According to TRT World, export of these dramas generates a business of approximately $500 million per year. And the government of Turkiye is hoping that these figures will increase to $1billion by 2023. Available in many genres, Dizi is what these dramas are called in their language.

While Zee network had realised the potential of Turkish shows best, it is global platforms like Netflix that pushed them into North American and Western European markets.

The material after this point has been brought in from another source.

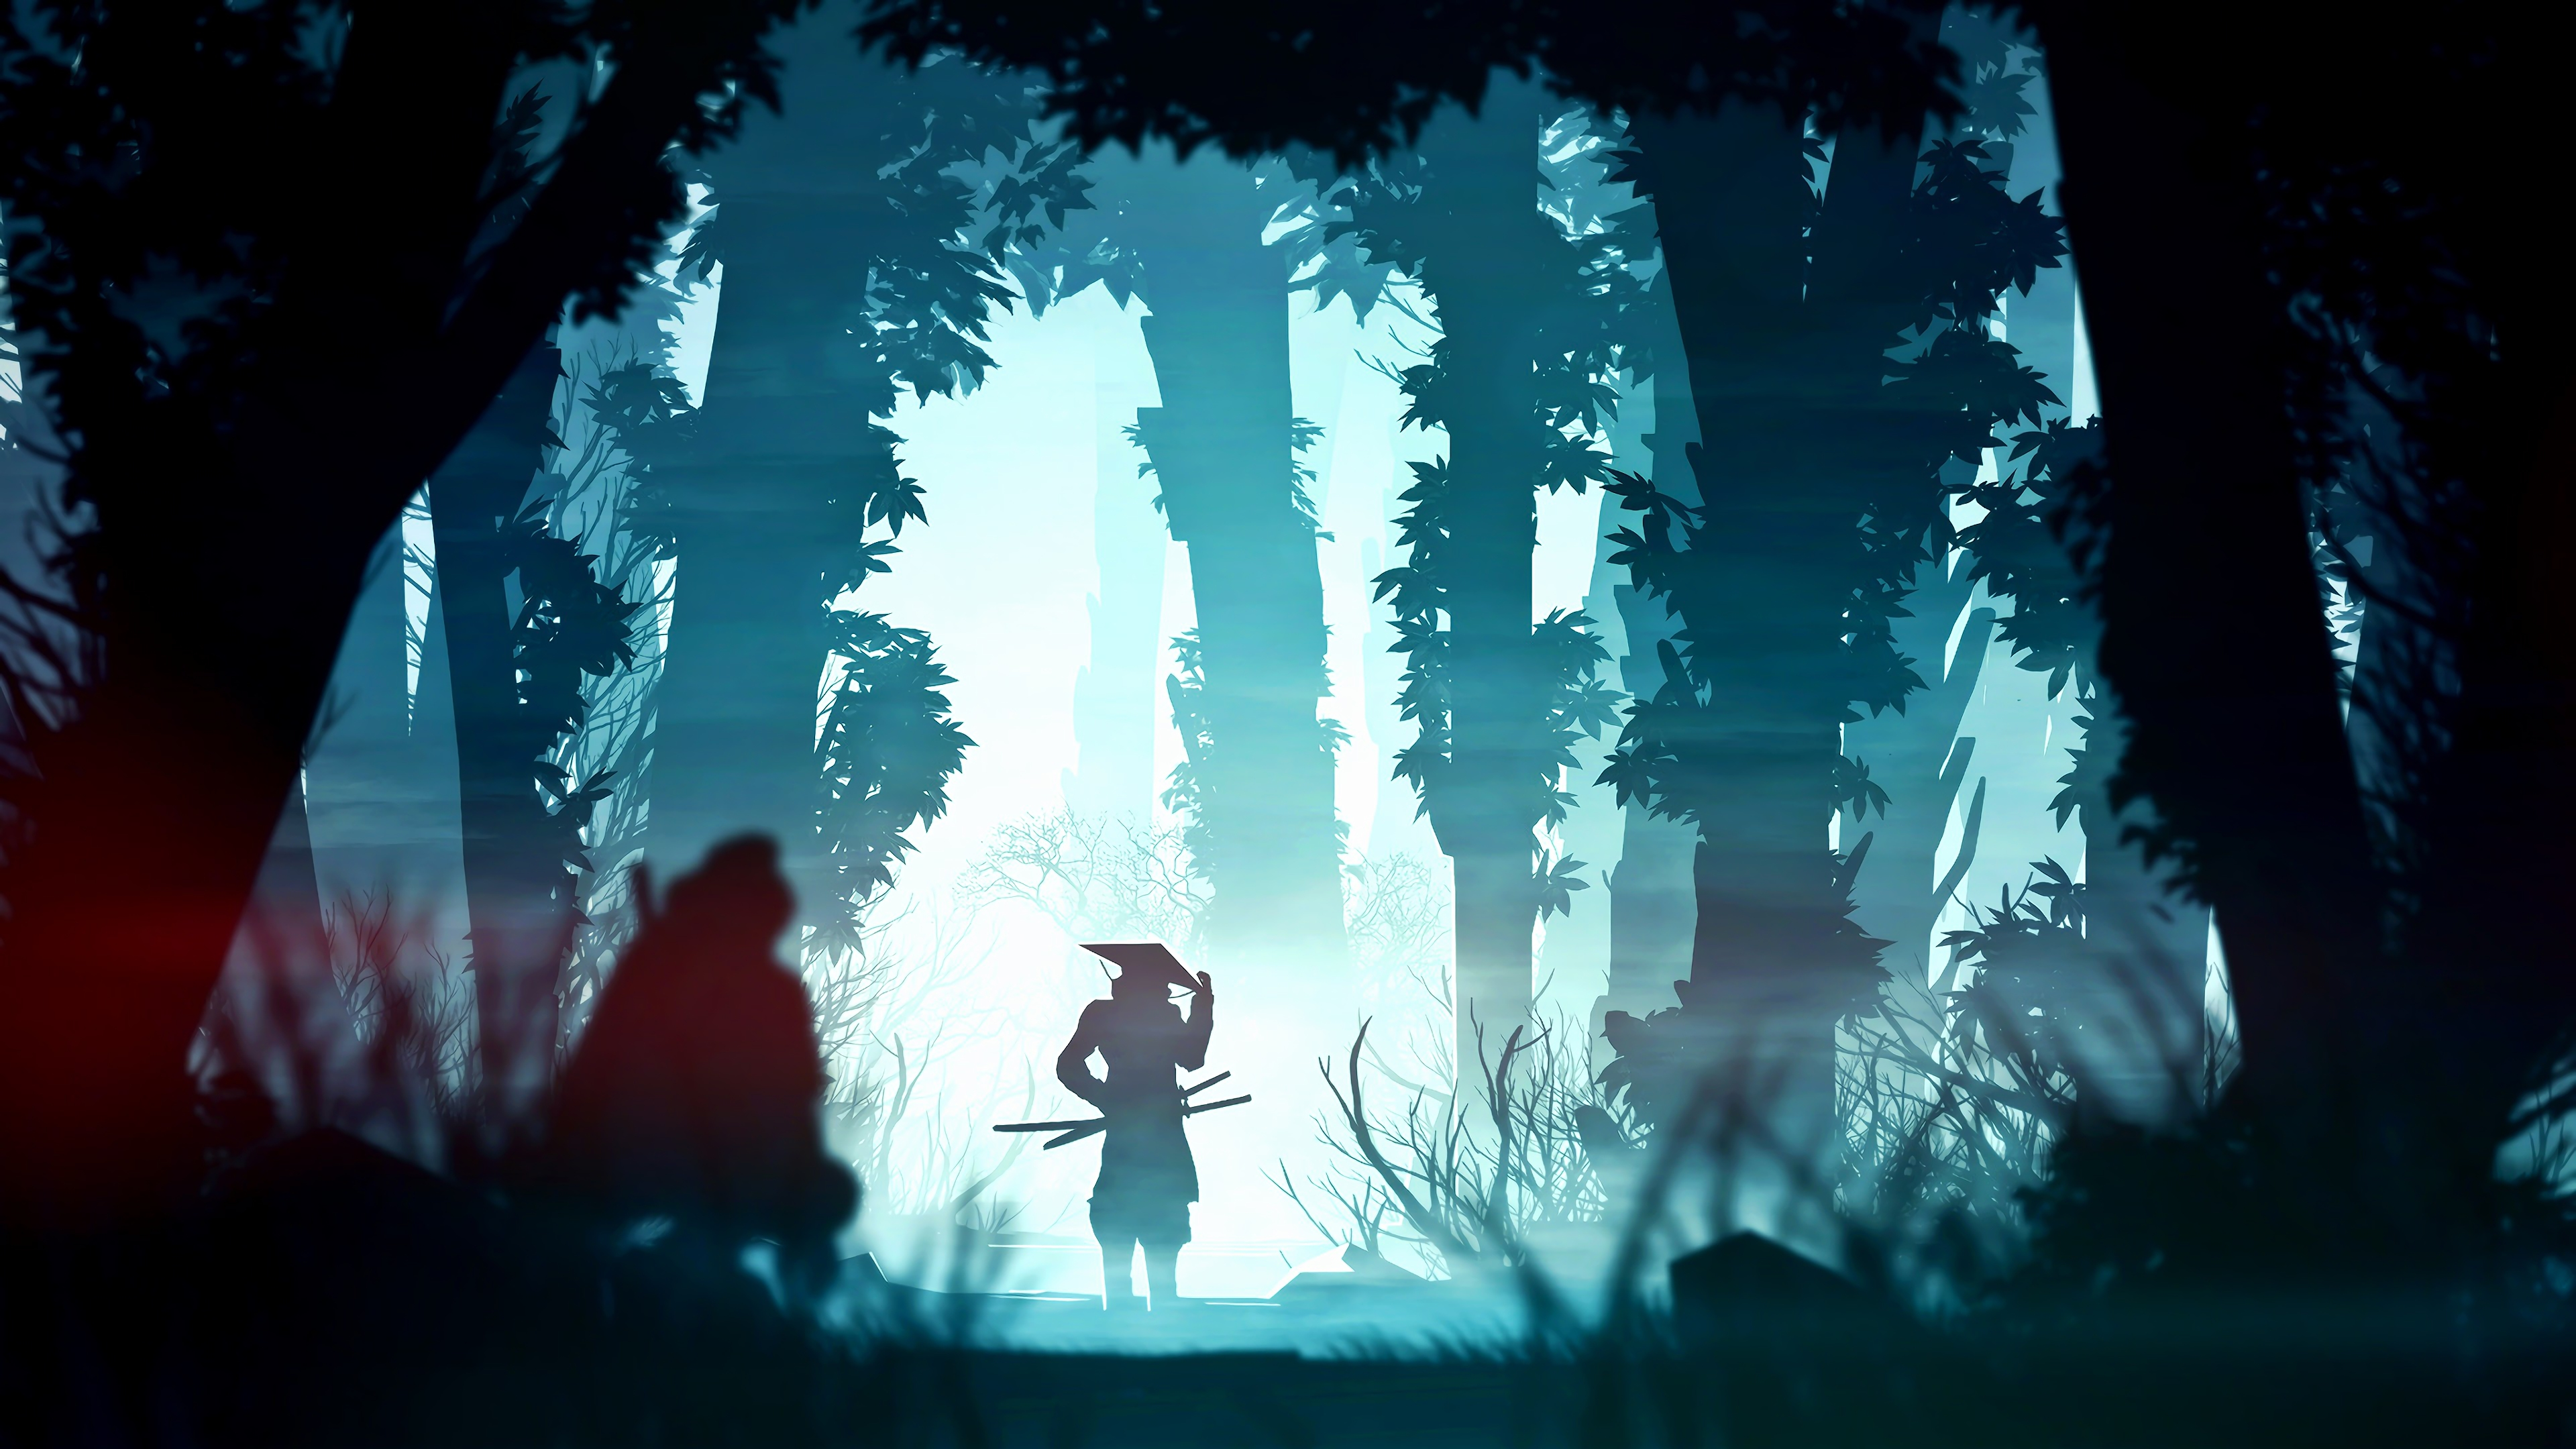 samurai digital art 4k 1551642861

Binbir Gece and Dirilis: Ertugrul are two original Turkish shows in different genres, these are very popular by the name 1001 Nights and Resurrection: Ertugrul, respectively, amongst non-Turkish audiences. While the former is a soap opera loosely based on Middle-Eastern folk tales, the latter is a five-season historical fiction series, followed by a sequel, Rise of Empires: Ottoman. The second season of Ottoman was dropped in 2002 with six episodes.

Resurrection effect

The former Prime Minister of Pakistan, Imran Khan, praised Turkish show Resurrection and even requested the channel to translate it into Urdu for the public. Author, Abhinav Pandya even compared Dirilis: Ertugrul’s success in India to that of the Israeli drama Fauda, saying, “Just as Fauda fandom signals the shift of India’s influencers towards a more militant and exclusionary nationalism, the Ertugrul craze is a signpost written for the alienation of many of India’s 180 million Muslims from that dominant political culture and their search for solidarity elsewhere.” It was because of this reason that Resurrection was a craze in Jammu and Kashmir, especially among the Muslims.

Remake time

Owing to its craze worldwide, Binbir Gece was adapted into a Hindi show, Katha Ankahee, and was launched on Sony Television on December 5, 2022. Actors Aditi Sharma and Adnan Khan essayed the lead roles in the show.

Adnan Khan shares, “I did not watch the original show just to be more authentic. Even others did the same. But, at the same time, the moment it was offered to me, I was impressed. Due to a tight schedule of shooting, I do not get the time to explore more Turkish dramas but they are on my wish-list.”

In fact, after the audience lapped up Katha Ankahee, another Turkish adaptation has been ordered by the channel. It is titled Mere Apne, which is a remake of Bride of Istanbul (2017-2019). Actor Jay Bhanushali and Bigg Boss-fame Tina Datta are playing the lead roles in this show.